Carla Cristina Marins (born 7 June 1968) is a Brazilian actress.

Career 
It was at school that she discovered her calling. Marins, since childhood kept saying she wanted to be a pediatrician, but she would really love to act. She realized that at age 14 when she was chosen to do the lead role of The Ox and the Donkey to Bethlehem, by Maria Clara Machado. After that, Carla Marins decided she wanted to be an actress.

At 16, with the support of her parents, Marins started investing in career and made several tests to commercial.

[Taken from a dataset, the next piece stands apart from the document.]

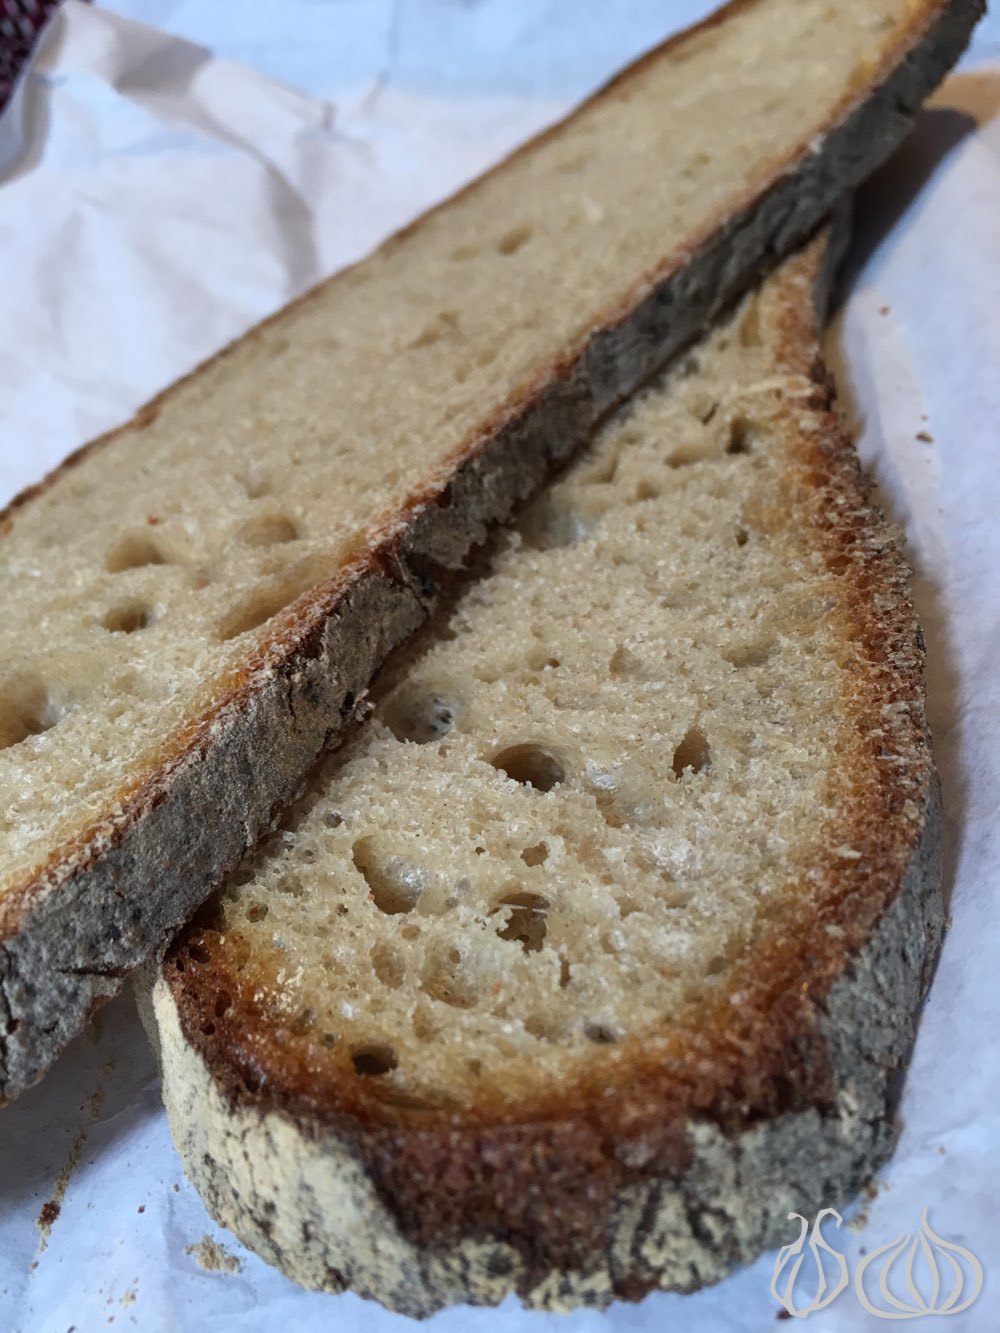 poilane-bread-paris162016-06-15-02-40-24
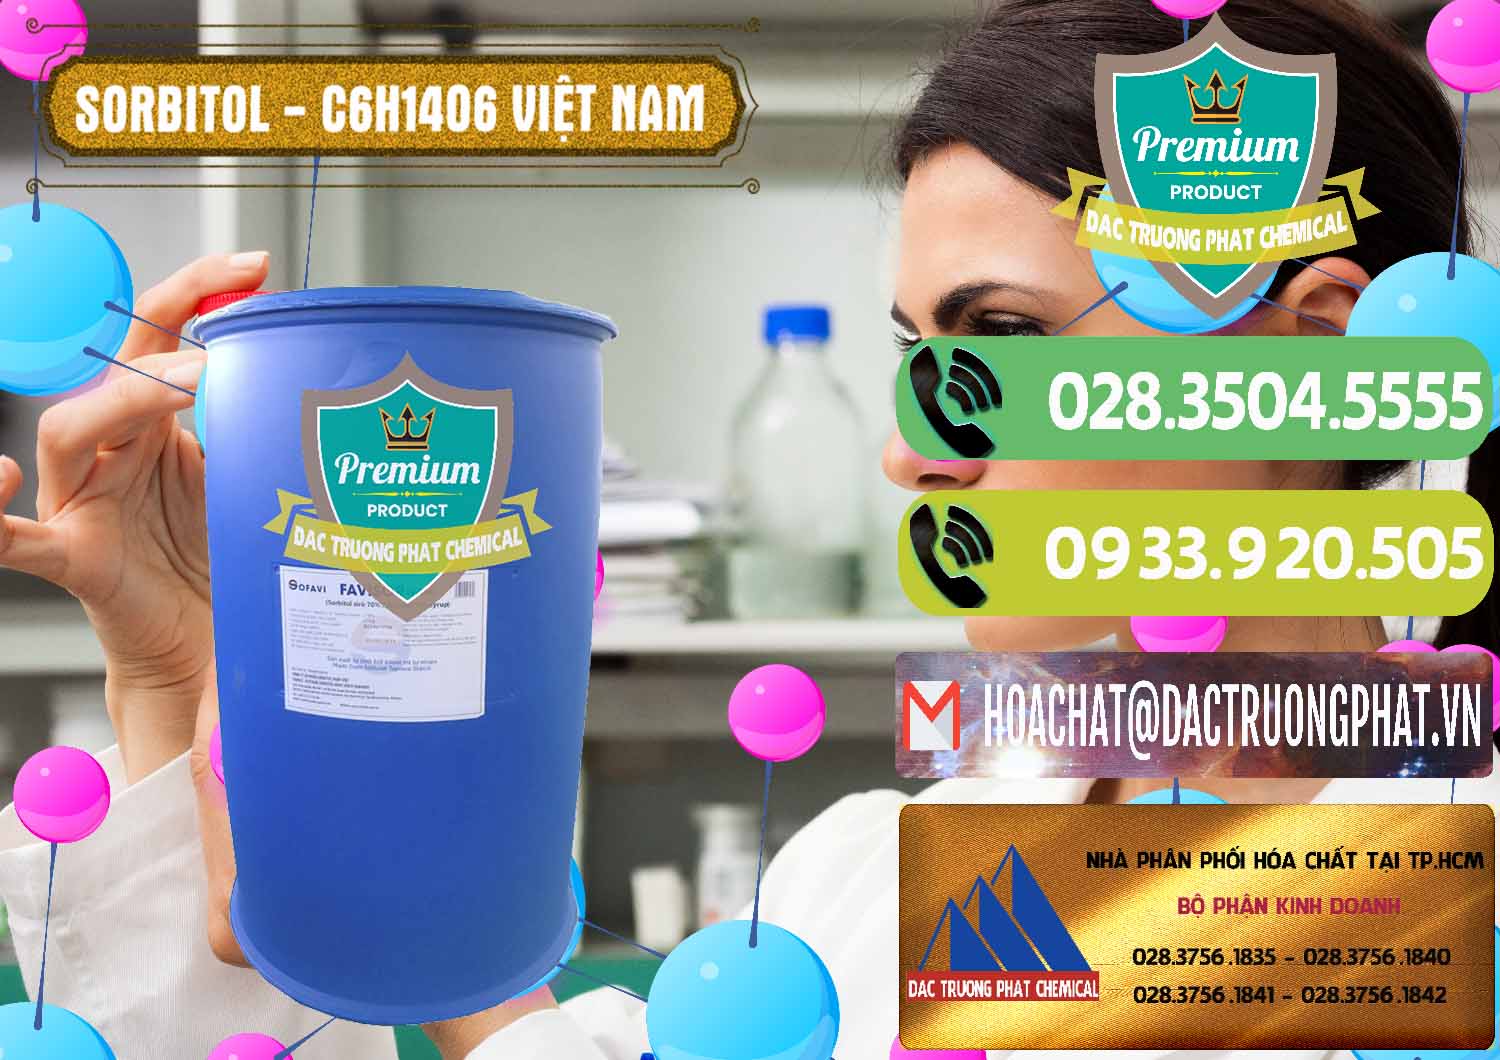 Chuyên cung ứng - phân phối Sorbitol - C6H14O6 Lỏng 70% Food Grade Việt Nam - 0438 - Cty chuyên kinh doanh - bán hóa chất tại TP.HCM - hoachatmientay.vn

Her first job was an advertisement for McDonald's. Made the film for TV and radio voiceover. At the same time, she began to attend drama schools and learned that the Globo was in need of youth to participate in the novel Hipertensão. How did the course with the interpretation of Wolf Maya, he invited her to join the test and passed. She posed nude at 24 years for the anniversary edition of Playboy magazine in 1992.

Marins participated in telenovelas like Bambolê, Pedra sobre Pedra, Tropicaliente, História de Amor, A Indomada, Porto dos Milagres, among other.

In 2002 and 2008, Marins appeared in episodes of A Grande Família, Sítio do Picapau Amarelo and show Faça Sua História.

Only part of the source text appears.